Carl Nielsen

Musikfest 2015 Dänemark war am Ersten Weltkrieg nicht beteiligt, doch hinterlässt er seine Spur im Werk des dänischen Komponisten. Nielsen lebte von 1865 bis 1931

Bei diesem Beitrag handelt es sich um ein Blog aus der Freitag-Community.
Ihre Freitag-Redaktion

In der Reihenfolge der Konzerte war zuerst Nielsens Sechste (am 9.9), dann seine Fünfte (14.9.) und schließlich die Dritte (16.9.) zu hören. Will man seine Musik verstehen, ist es besser, die Symphonien in der Entstehungsreihenfolge nachzuvollziehen.

Der dänische Komponist hat den meisten seiner Symphonien Beinamen gegeben. So hat er die Nr. 3 op. 27, entstanden 1910/11, „Sinfonia Espansiva“ genannt. In ihrem ungetrübten Jubelton ist sie für deutsche Ohren erst einmal schwer begreiflich. Man denke daran, was damals in Deutschland komponiert wurde: Arnold Schönbergs Fünf Orchesterstücke op. 16 (1909), Gustav Mahlers Adagio als Fragment seiner unvollendeten Zehnten (1910) – jedes in seiner Art ein Katastrophenwerk. Auch kann Nielsens tonale und recht unkomplizierte Musiksprache diesen Werken gegenüber altmodisch wirken. Aber so darf man nicht herangehen. In verschiedenen Ländern entfalten sich verschiedene Traditionen, und wenn sie sich auch gegenseitig beeinflussen, hat doch jede ihren eigenen Tonfall und ihre eigene Entwicklungsgeschwindigkeit. Von Nielsens Musik, wie sie sich hier in der Dritten zu hören gibt, kann man sagen, dass sie sich auf dem Niveau der frühen Symphonien von Charles Ives hält, dass Nielsen so wenig wie Ives Grund hat, Trübsal zu blasen, und dass auch diese Dritte, kann sie auch nicht als Frühwerk bezeichnet werden, denn Nielsen war bereits 45 Jahre alt, noch nicht seinen reifen Stil repräsentiert.

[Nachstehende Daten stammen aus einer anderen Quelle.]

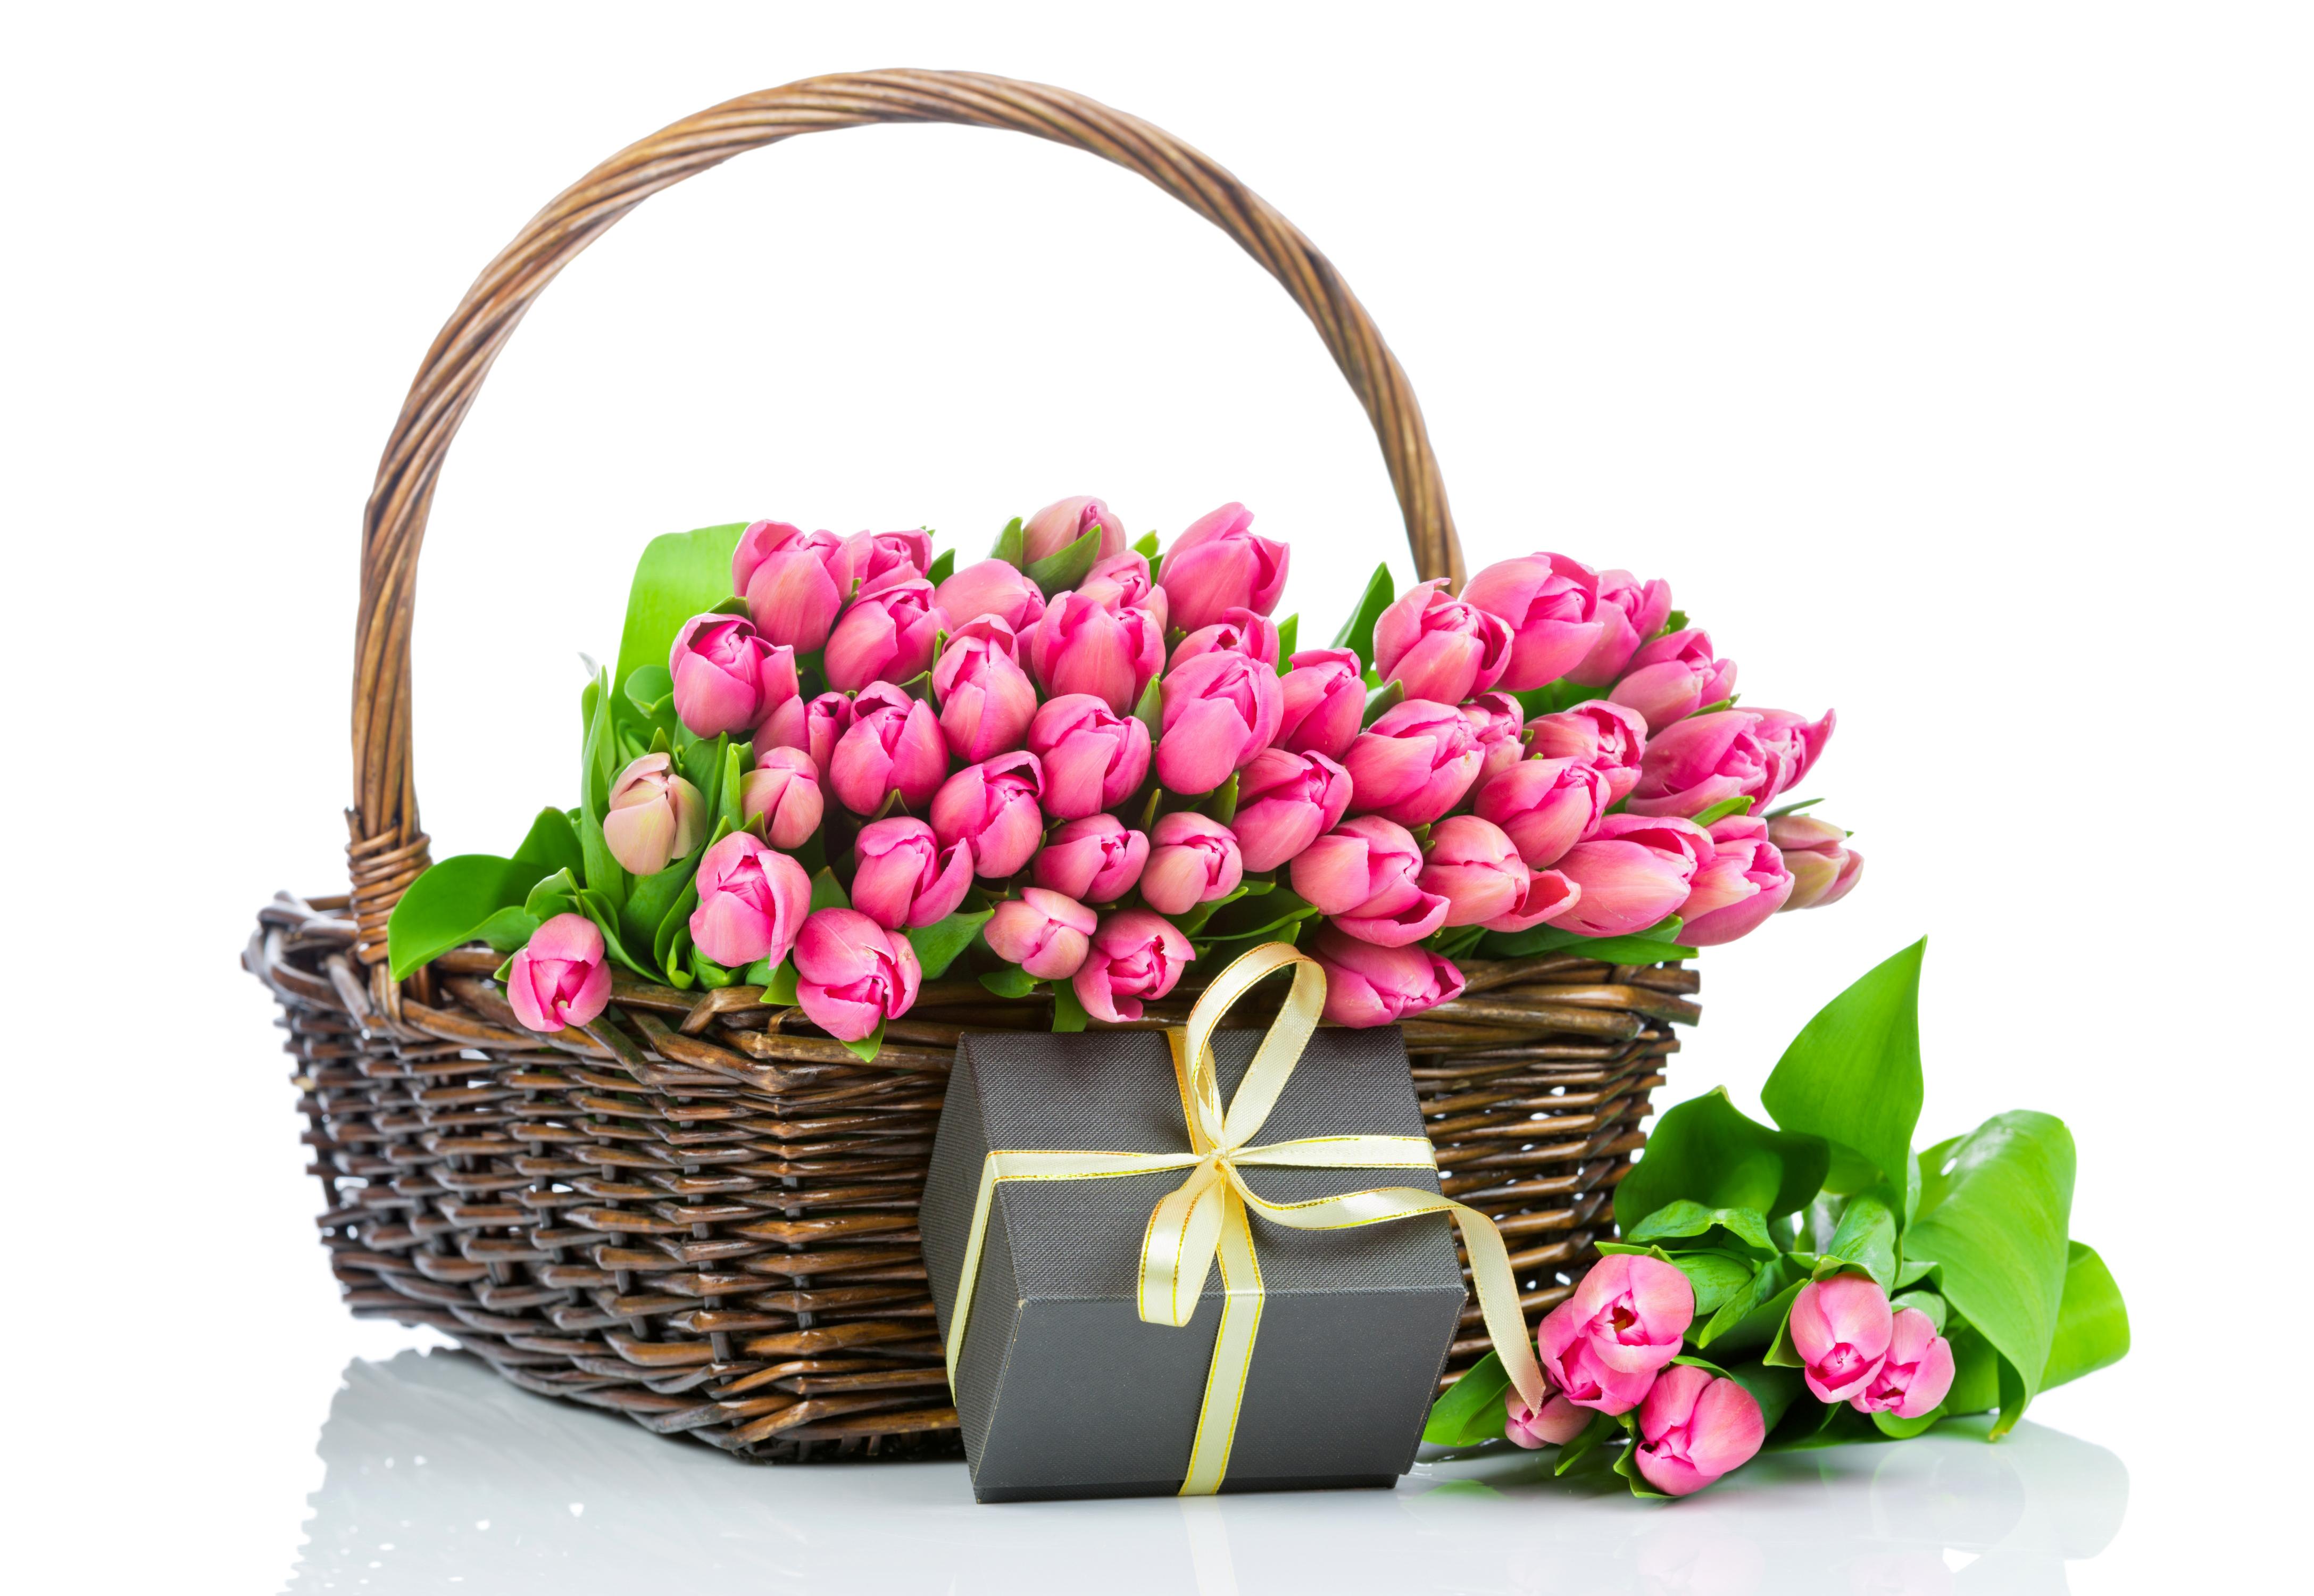 Открытка корзина с тюльпанами, надписью

Dennoch ist sie ein guter Ausgangspunkt und durchaus gerade für deutsche Ohren. In der Mitte des ersten Satzes bricht ein gewaltiger „Wiener“ Walzer hervor – im Nachhinein begreift man, dass er sich schon in den ersten Takten angekündigt hat. Ja, dieser ganze Eröffnungssatz steht im schnellen Dreivierteltakt, was für Symphonien durchaus ungewöhnlich ist. Aber kommt es uns nicht bekannt vor? Natürlich – die Dritte von Brahms! Auch da schon (1883) gipfelt der erste Satz in einer Walzerszene, und zwar einer Wiener ohne Gänsefüße, wo man sich in einen k.u.k. Ballsaal hineinversetzt glaubt. Nicht jeder Dirigent macht es so deutlich wie Hermann Scherchen, aber man hört es doch immer heraus. Über Brahms‘ Walzer liegt freilich von vornherein viel Melancholie, die dann im dritten Satz schmerzlich in den Vordergrund tritt, vor dem katastrophischen vierten; mit dem Thema des dritten, einer trauernden Abwandlung jenes Walzerthemas, kommentiert sich durchgehend der Film Lieben Sie Brahms? nach dem Roman von Francoise Sagan. Wie anders der Walzer bei Nielsen! Er hat etwas wild Entschiedenes, soll man sagen Dionysisches; er springt in einem beträchtlichen Akkordumfang die Stufen herauf und herunter, wo man wieder an Ives denkt – ans Thema von dessen erster Symphonie (1898-1901), das nicht wild, sondern besinnlich ist, aber ebenfalls im Dreivierteltakt steht. Vergleichbar sowohl im Wilden als auch im akkordischen Stufenspringen sind die Seguidilla aus George Bizets Oper Carmen (1873/74) und der „Tanz der Ritter“ aus Sergej Prokofjews Ballettsuite Romeo und Julia (1935/36.). Hier wie bei Nielsen vermittelt das Springen ein Gefühl selbstsicherer, daher freier und fast verwegener Kraft.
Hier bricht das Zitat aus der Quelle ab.